(WHAT YOU ARE ASKED TO DO): Pictures stay out of the answer, but every line of the material must be restated exactly.

(SOURCE MATERIAL):
- - - - - - -

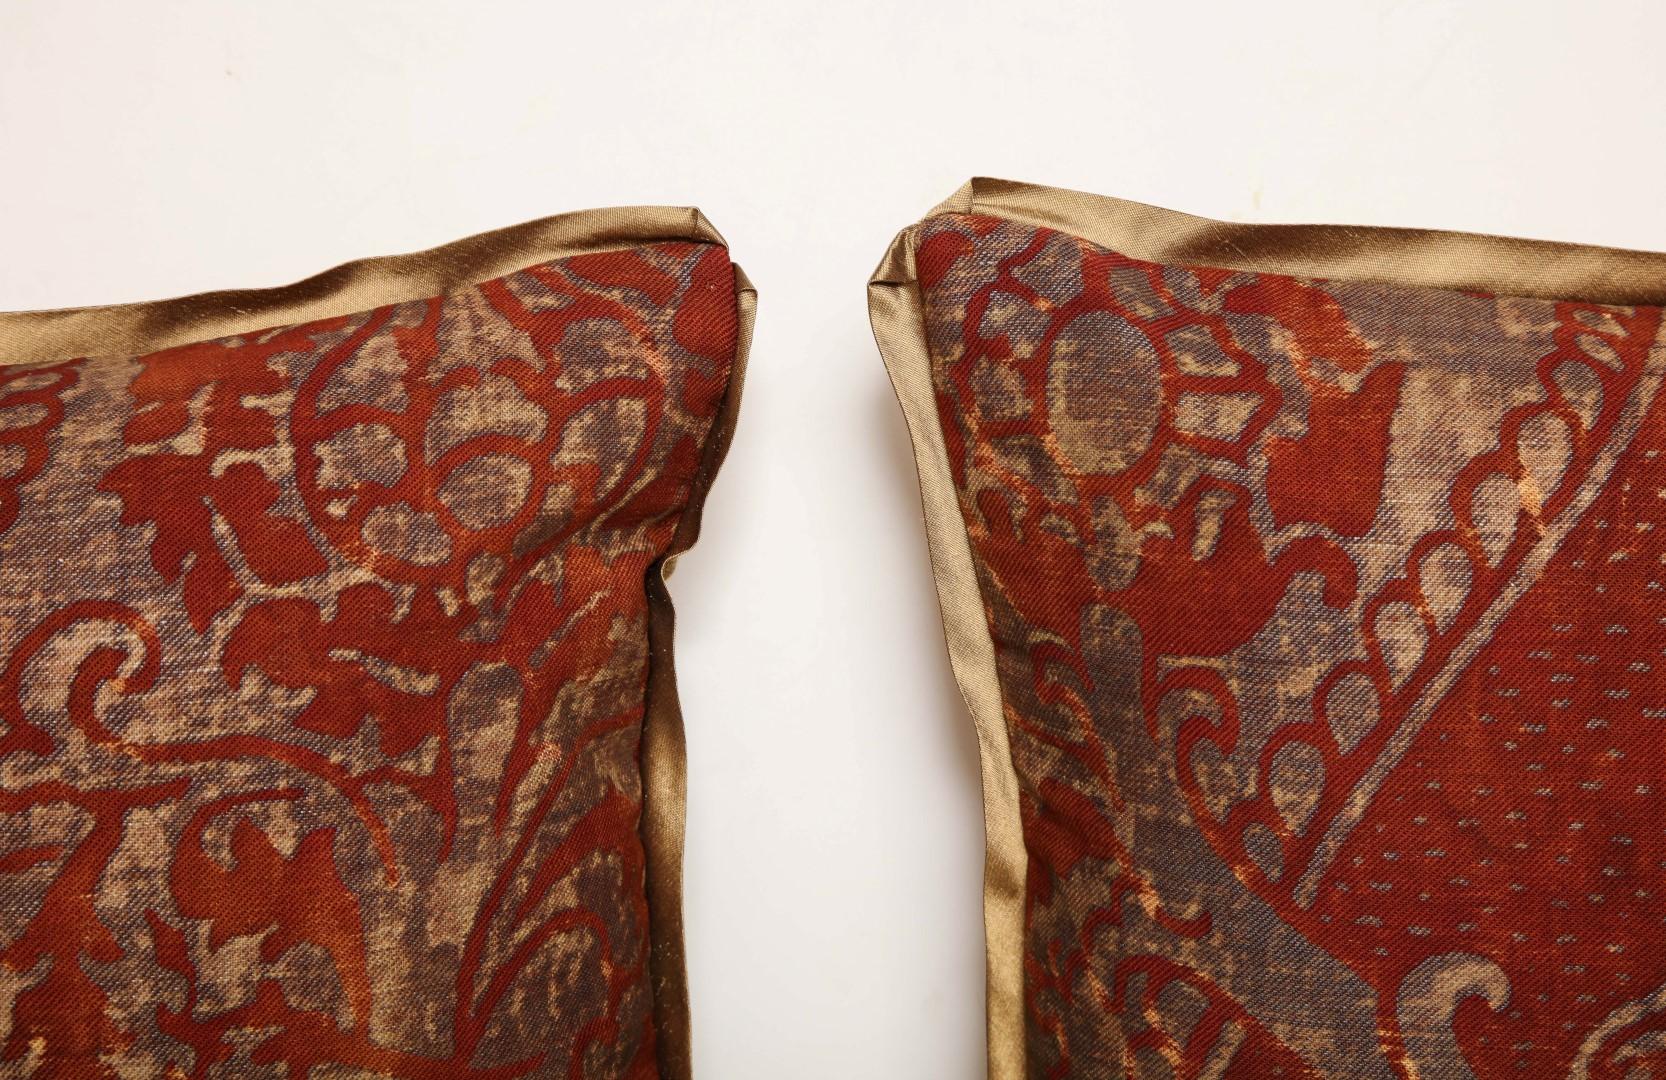 A pair of Fortuny fabric cushions, antique fabric with gold silk blend bias trim and backing material
50 down/50 feather insert
Newly made using discontinued Fortuny fabric.

- - - - - - -

(REPLY TO THE EXERCISE):
 A pair of Fortuny fabric cushions, antique fabric with gold silk blend bias trim and backing material
50 down/50 feather insert
Newly made using discontinued Fortuny fabric.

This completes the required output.